Tak terasa tibalah aku pada suatu tempat yang dikatakan sebagai rumah sakit oleh wanita itu, namun yang mengherankan bagiku, karena rumah sakit ini lebih cocok menjadi rumah hantu karena suasananya tetap gelap tanpa cahaya. Aku yang saat itu masih sangat lemah, dituntun ke sebuah ruangan yang cukup hiruk pikuk, disana terdengar banyak suara orang yang sepertinya merupakan dokter dan sejumlah suster pembantu yang akan memeriksa kondisi kami berdua.

Si dokter semula mengenalkan dirinya, ia bernama Maya, lalu ia memulai dengan menyapaku dan bertanya asal usulku. Aku yang mengalami luka berat mungkin mengalami sebuah benturan, sehingga aku sulit untuk mengingat sanak keluargaku yang dapat ku hubungi, yang ku ingat adalah namaku, Arie. Aku yang janggal dengan semua kegelapan ini pun bertanya kepada sang dokter.

”Dok sebenarnya apa yang terjadi ya, aku melihat sekeliling gelap tak bercahaya, kata wanita itu hari masih malam dan listrik semua padam, memangnya disini tidak ada sejumlah tenaga cadangan tertentu?”.

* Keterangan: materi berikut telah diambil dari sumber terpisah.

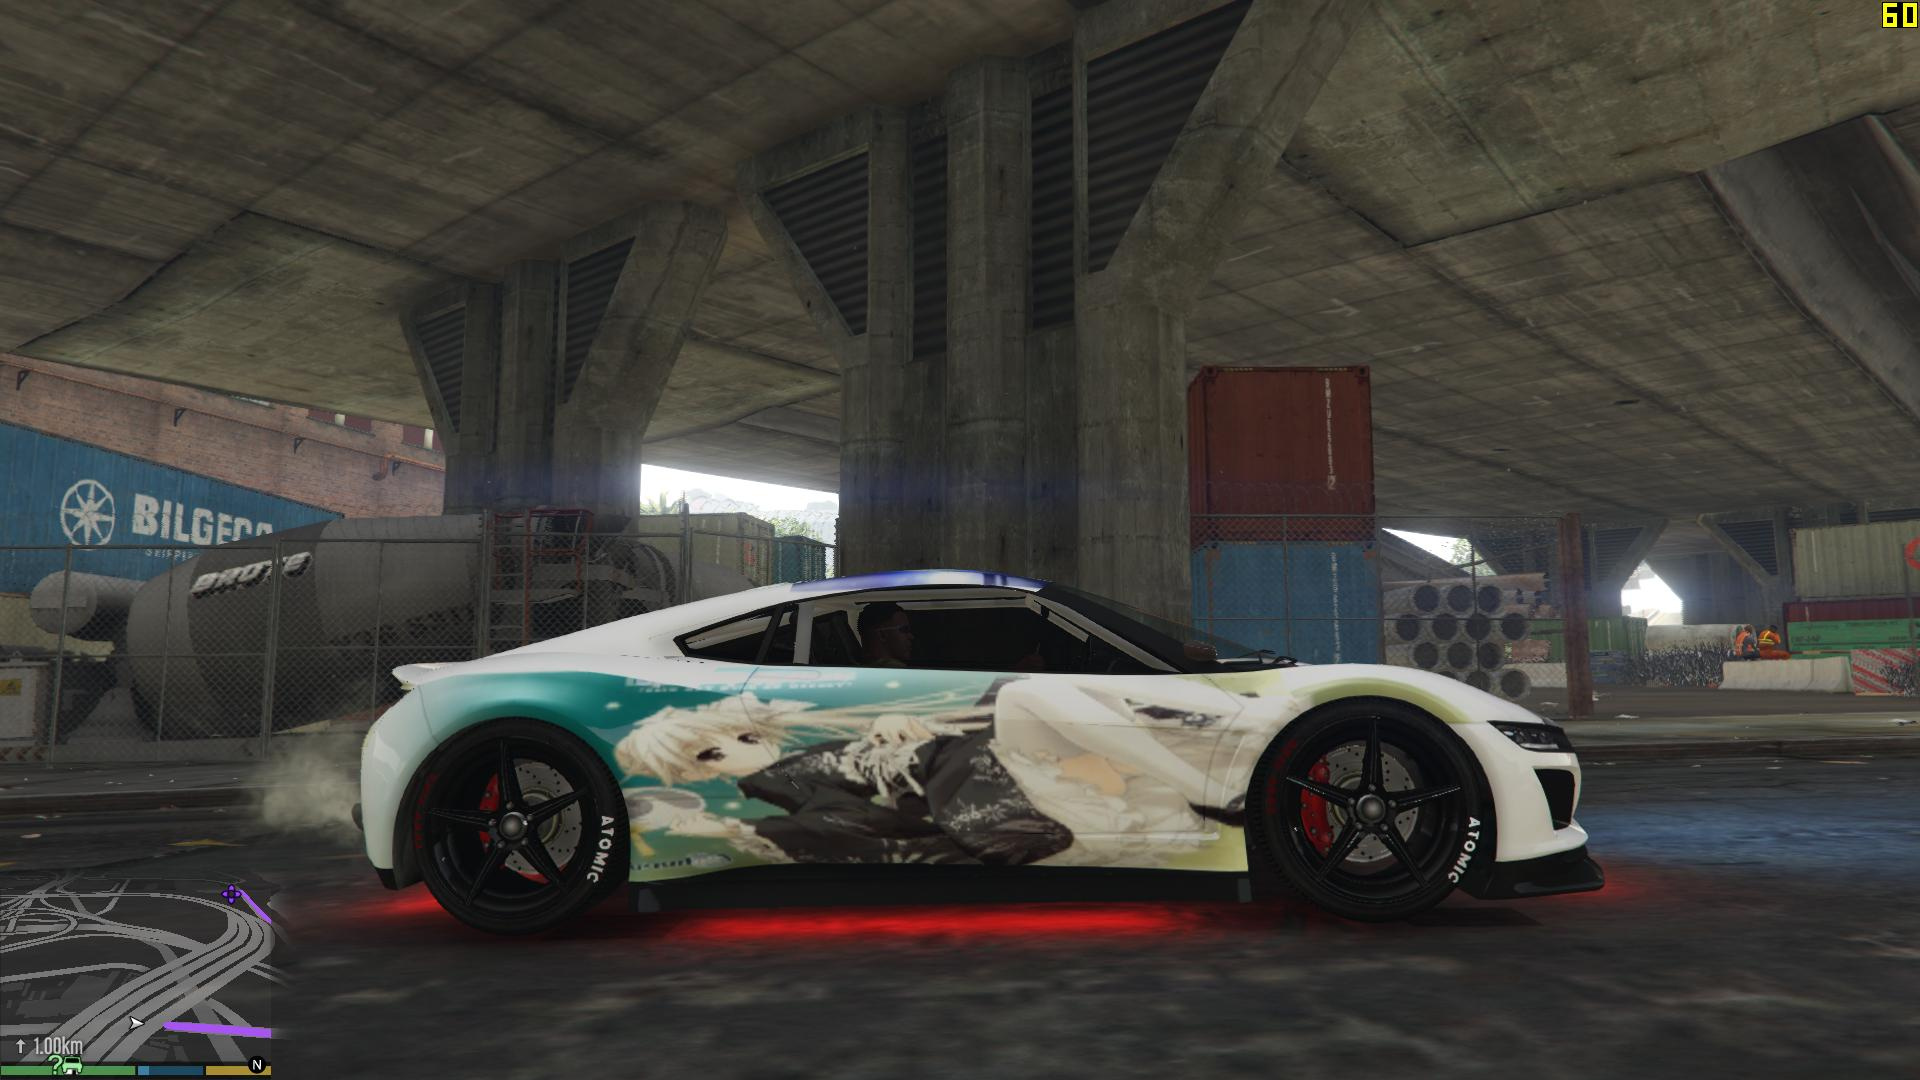 Kasugano Sora paint job - GTA5-Mods.com
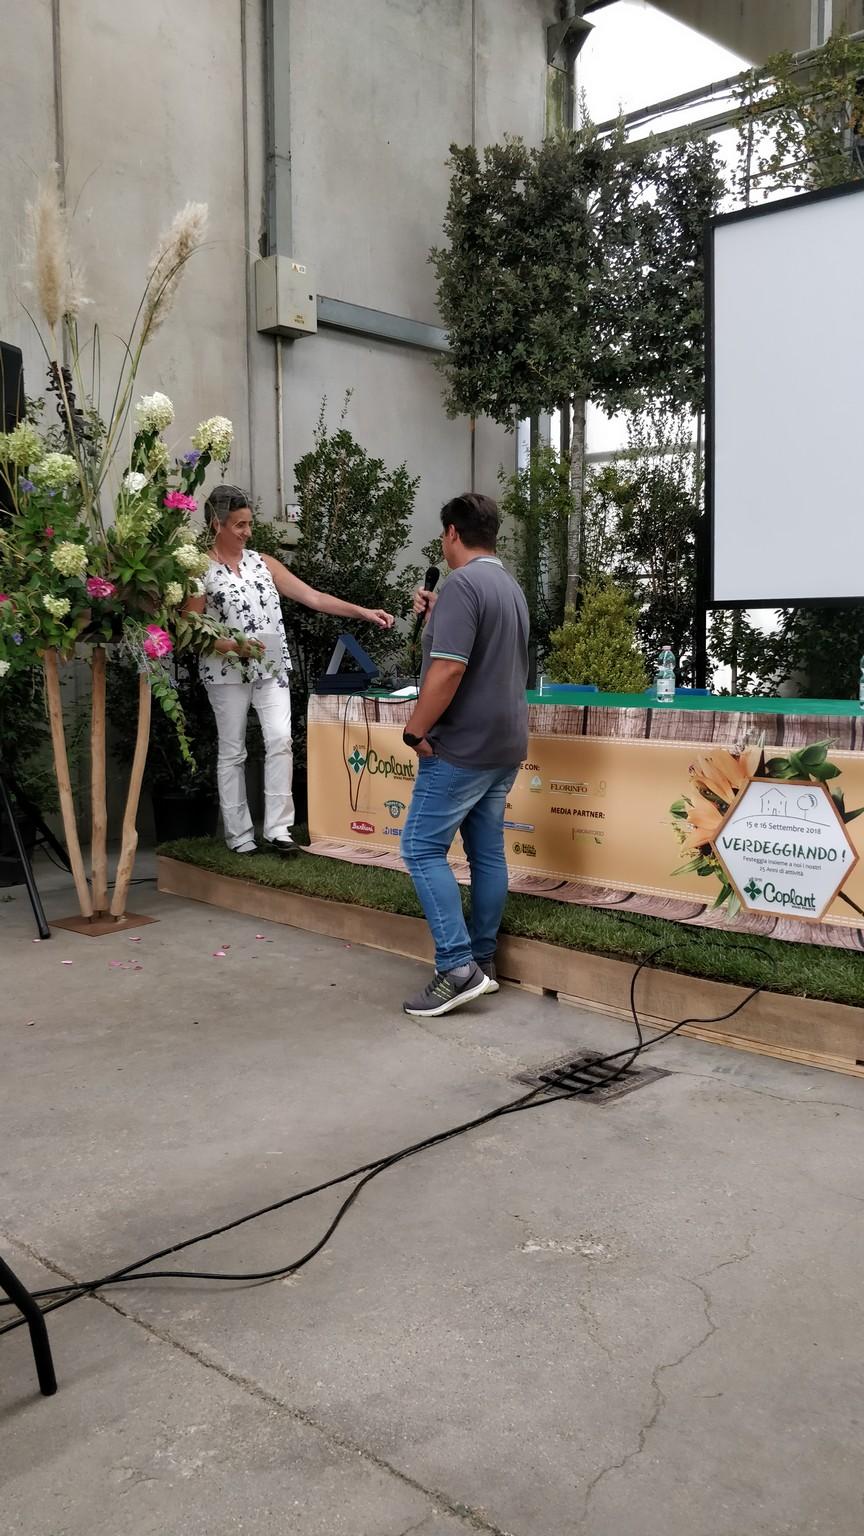 Verdeggiando 2018 Coplant_100

Kemudian suasana hening, terdengar sang dokter menelan ludah dan menarik nafas panjang, tiba-tiba ia mengambil sejumlah alat dan meraba daerah wajahku. Dibukalah mataku yang sebelah kiri dan sebelah kanan. Aku yang tidak bodoh ini, sedikit banyak mencium apakah ada kejanggalan pada mataku, apakah aku buta, apakah aku tidak dapat melihat karena kecelakaan itu. Aku bertanya-tanya, aku berteriak, aku menendang-nendang benda apapun yang terjangkau olehku. Aku mengamuk bak singa yang sedang lapar. Apa yang sesungguhnya terjadi, tentu saja aku tak mungkin terus-terusan dipaksa untuk melihat semua kegelapan ini.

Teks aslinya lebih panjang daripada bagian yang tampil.